After everything came out, instead of only feeling angry or betrayed, I noticed I began developing fantasies connected to jealousy, role reversal, and submission. Granted I kinda convinced her to post images online for us to make money, but it was more for me on the sense for other men to see her and for me to take a back seat and see how desirable she was, secretly I believe she knows this too.
Over time, our sex life became more experimental. As we experimented more privately, we also started using larger toys (BBC) as part of changing the dynamic between us. A lot of the focus became less about traditional dominant sex and more about role reversal, teasing, and me reacting to her pleasure instead. She became more confident and playful during those moments, me putting a Chasity cage on, her riding bbc didlo or sucking it and kissing me then sucking it and kissing me again. She likes it cause she cums at least 3 times every time.
At the same time, she has repeatedly made it clear that while she enjoys many aspects of what we do together, the idea of involving real other people in our sex life makes her uncomfortable. She specifically told me that “that part throws her off” and admitted that sometimes she says yes to fantasies or plays along because she knows it excites me, not necessarily because she wants it herself. But I think she thinks I’m testing her.

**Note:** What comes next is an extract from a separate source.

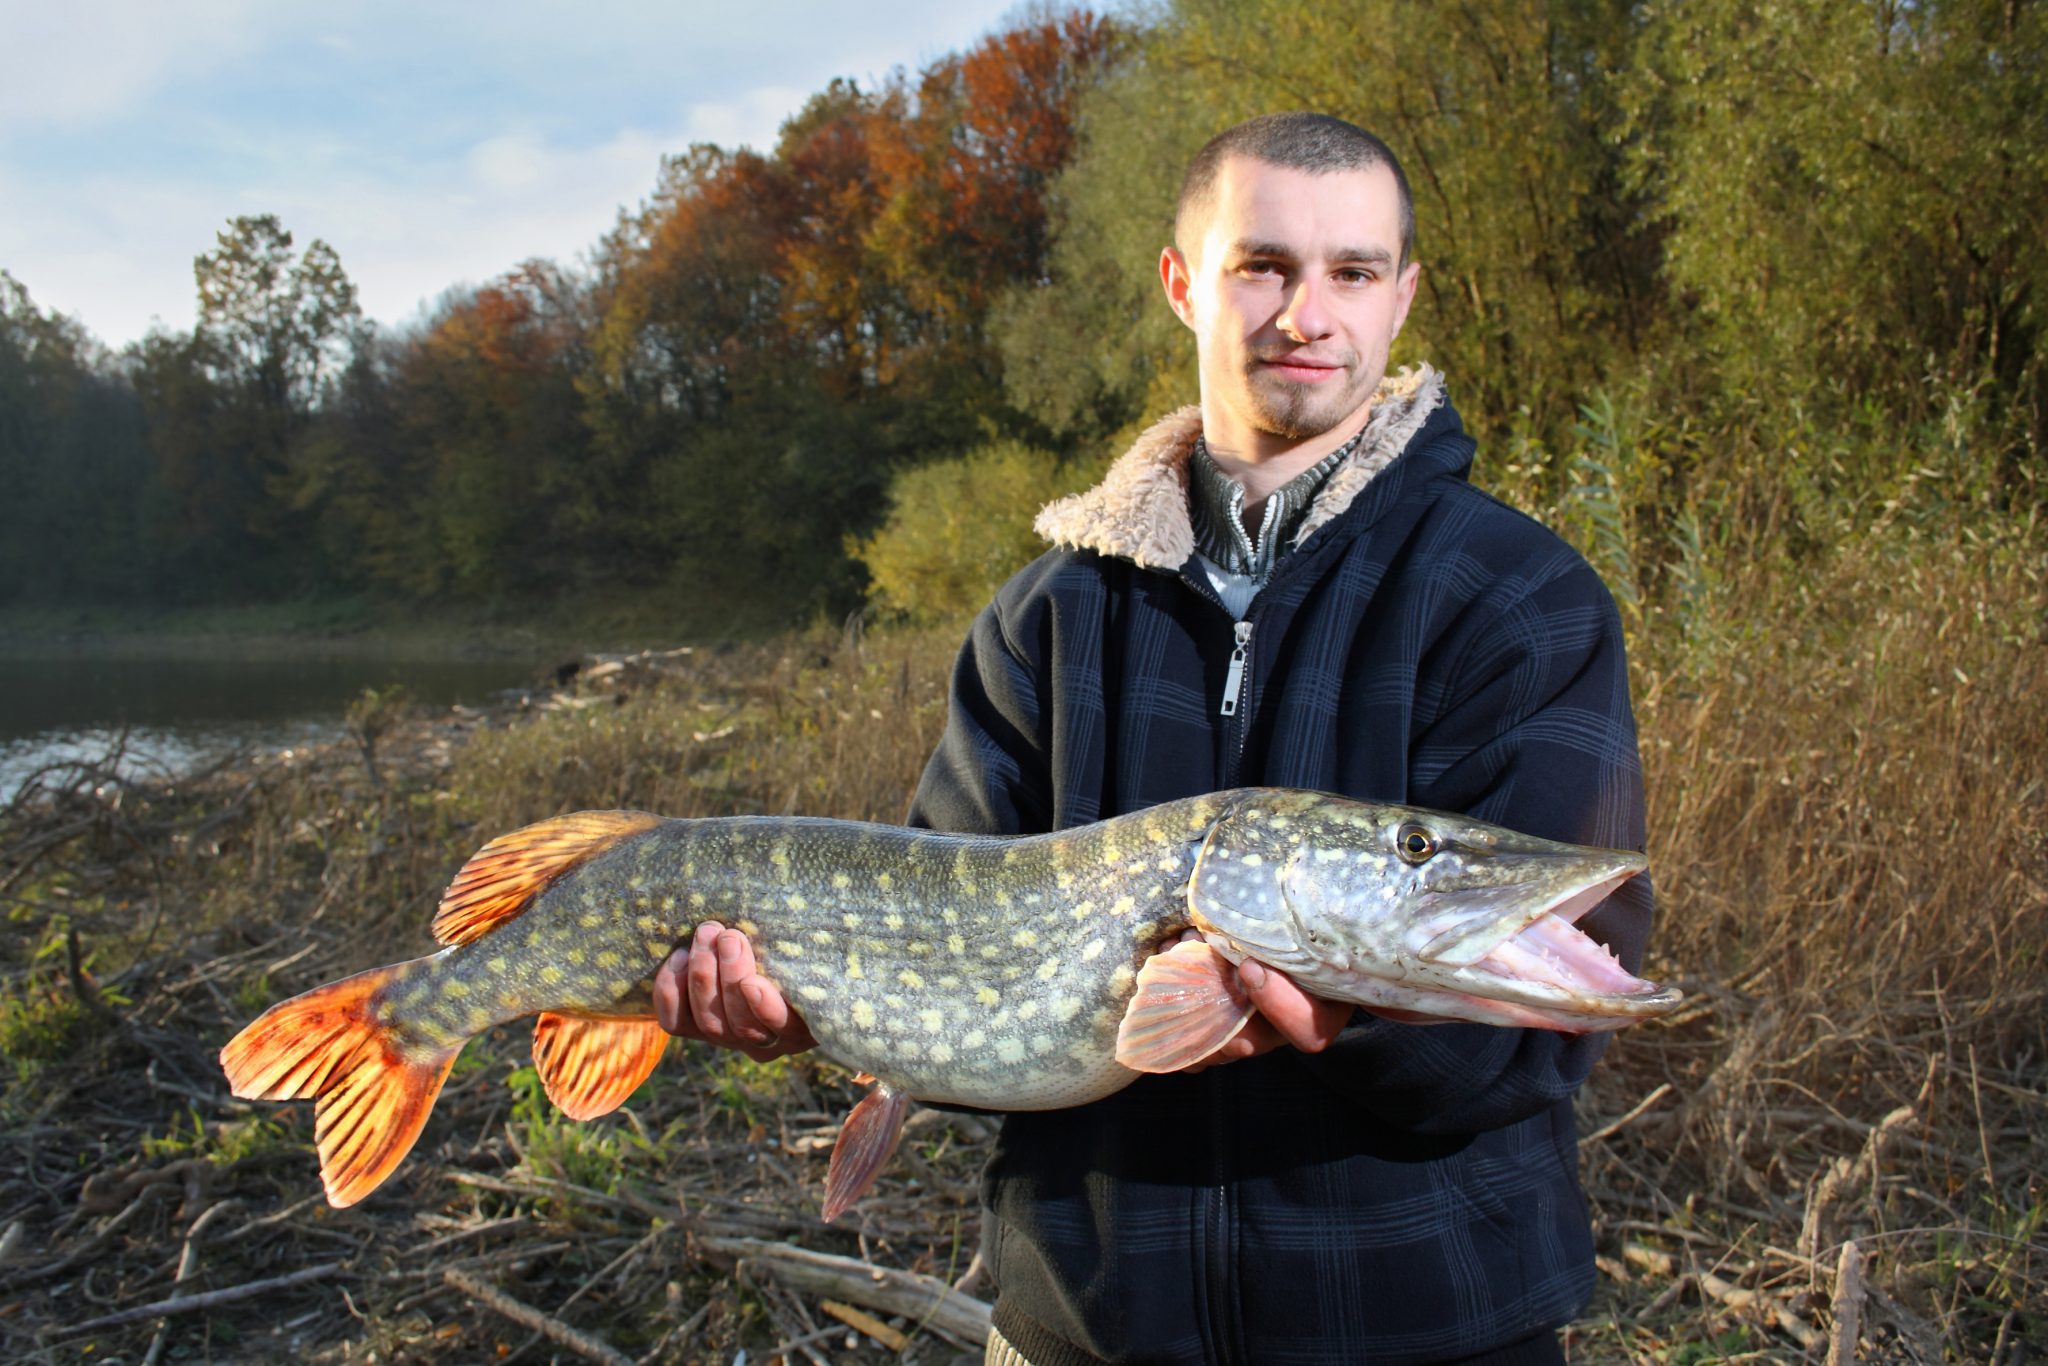 Fishing Musky - The Largest of the Pike Family and Difficult to Catch

This has created confusion for me because there have also been moments where she herself brought up hypothetical scenarios or joked about them first. For example, she has occasionally made playful comments about “what if” situations involving another person showing up somewhere, These moments made me wonder whether she was curious herself or simply engaging in fantasy-level teasing because she knew it turned me on.
More recently, we’ve had honest conversations after experimenting with different dynamics. She admitted that some of the changes in our sexual behavior feel “weird” to her, even though she enjoys parts of it physically and emotionally in the moment. She also asked me directly if I was getting bored of normal sex with her because of these changes. I reassured her that I’m not bored of her at all, and explained that part of this came from wanting to change dynamics and explore a different role after years of always being dominant.
But I’m at a stand still, I think she’s afraid of doing something real cause of the cheating past, and thinks maybe this is all a test, but not sure how to play this or where it can go.